A more pertinent concern is whether the spiritual dimension afforded Malik is wholly convincing. Aside from the ghostly appearances of his razor-blade victim Reyeb, in various states of combustion (odd, when Islam forbids cremation), the ability of Malik to prophecy certain events in his life through dreams is dealt with half-heartedly (essentially, one character calls him “a prophet” because he foresees a car accident involving a deer) and conflicts with the underlying existentialist theme of controlling one’s destiny. Furthermore, the images used by Audiard and Fontaine to convey this aspect of Malik's journey belong to a school of magic realism with which Audiard does not appear to be either familiar or comfortable: there is occasionally a faint echo of Bobby Sands’s “memory of birds” at the end of Steve McQueen's Hunger, which is not entirely comforting. The film’s gradual development of Malik’s understanding of where he truly belongs seems to have ultimately little to do with the metaphysical elements of the story and more to do with his sense of justice for the wrongs that have been done to him. The dream and ghost sequences seek to create a sense of spiritual contemplation, even meditation, which underscores Malik's conversion, but they succeed more forcefully as emotional and aesthetic respite from the pattern of violence and danger.

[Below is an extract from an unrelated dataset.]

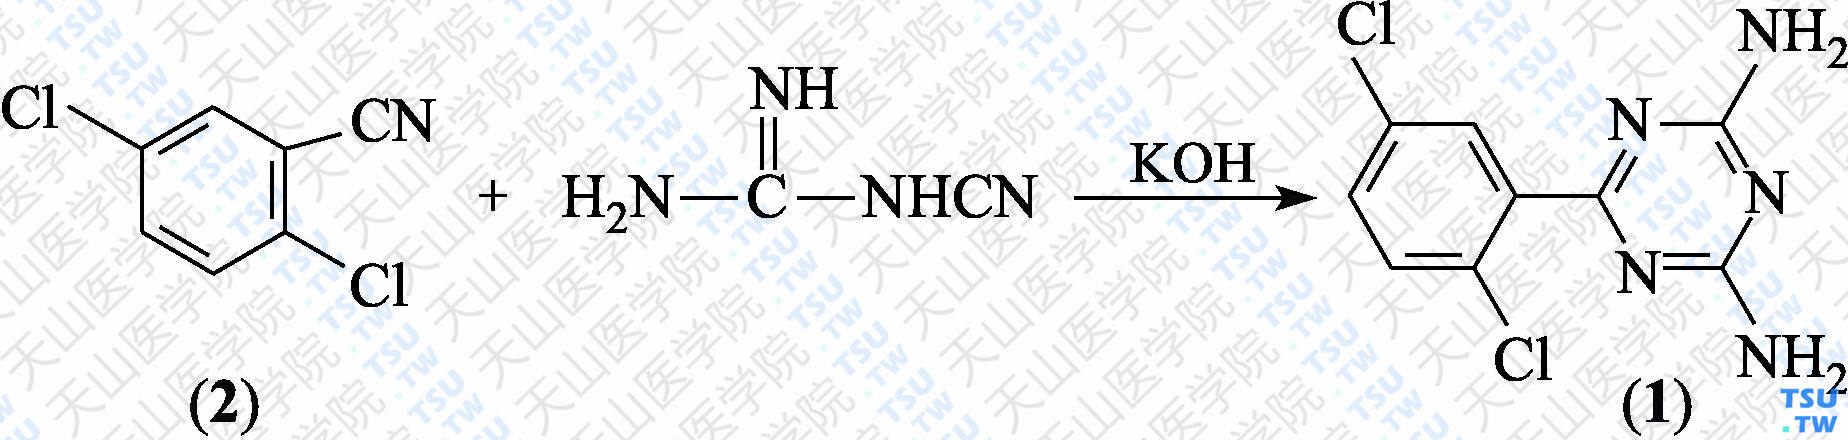 伊索拉定（分子式：C<sub>9</sub>H<sub>7</sub>Cl<sub>2</sub>N<sub>5</sub>）的合成方法路线及其结构式

Rather, Audiard's greatest strength is in the build-up of suspense (scenes of brutality serve as a reminder of the fate that awaits Malik if he falters, they are not simply an end in themselves) together with the freshness and intensity of his direction of violent set-pieces. This is particularly palpable in a climactic hold-up towards the end, which by a combination of almost unbearable suspense and our wholesale immersion into Malik's predicament, outguns anything you will see in a Bourne movie. Tahar Rahim announces himself as a young actor of unusual magnetism, much as Vincent Cassel did in 1995 with La Haine, though it’s disturbing to think that however much he will now be solicited, he may never get another role as substantial as this one. Niels Arestrup, a regular Audiard actor taking the crepuscular role of Malik’s (tor)mentor, Luciani (which once upon a time might have been tailor-made for Jean Gabin), is terrifying.

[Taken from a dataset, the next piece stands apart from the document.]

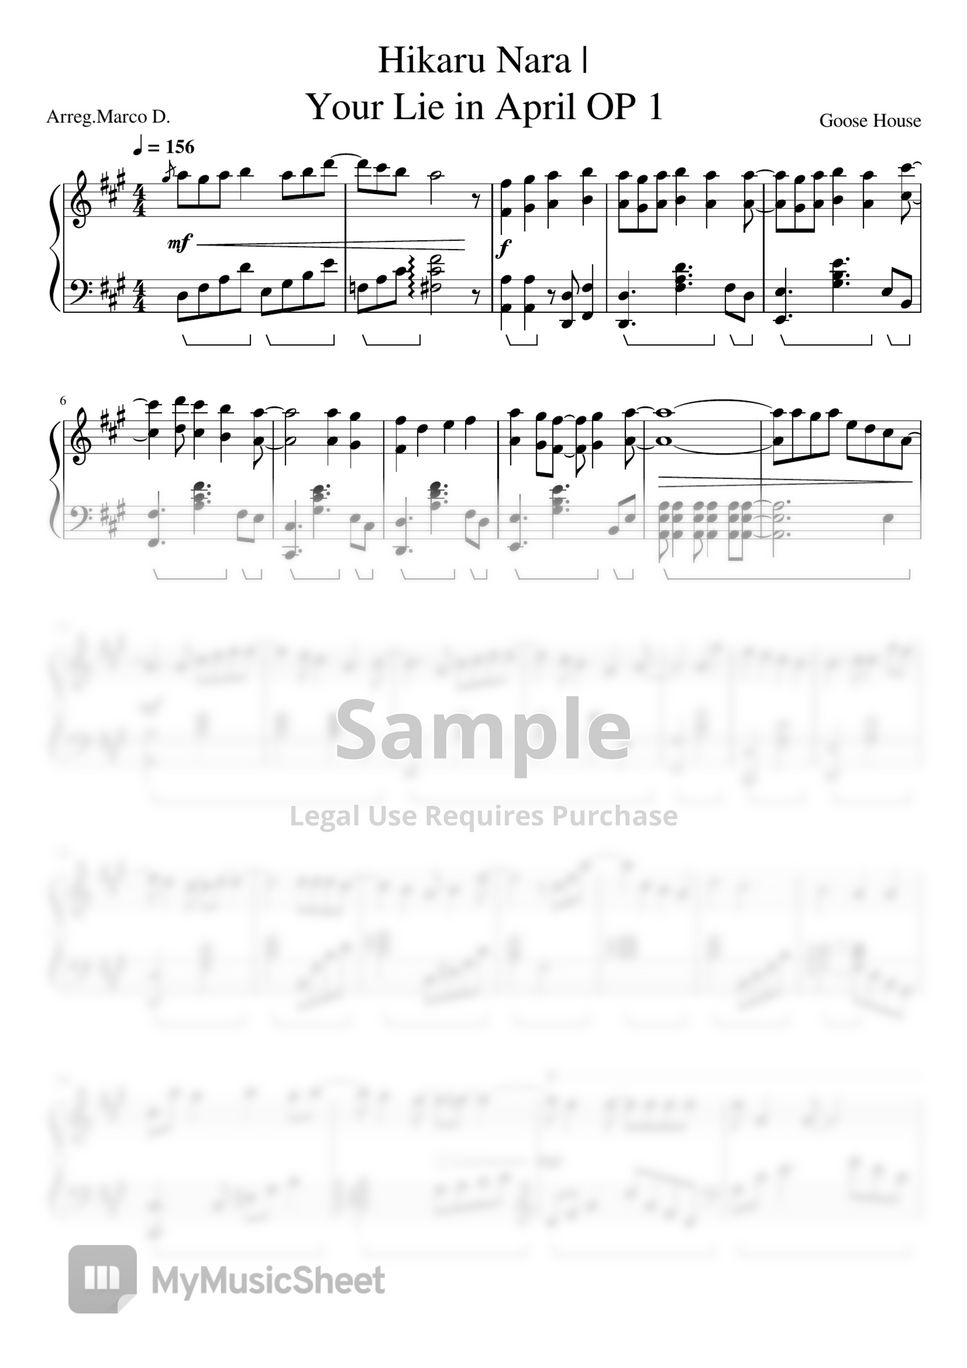 Hikaru Nara - Piano - Digital Sheet Music

Zooming in as tightly as possible on the man and his struggle, Audiard has honed in A Prophet the dramatic formula which consecrates all the success of his work—the film is less of a meditation on spirituality than a furnace of anger against the direction of French society. And if it succeeds best on the safer ground of the linear crime film (of which Papa Audiard knew a thing or two), then the overall impact of A Prophet is so strong that questions as to whether it fulfills its other ambitions are simply consumed in the flames.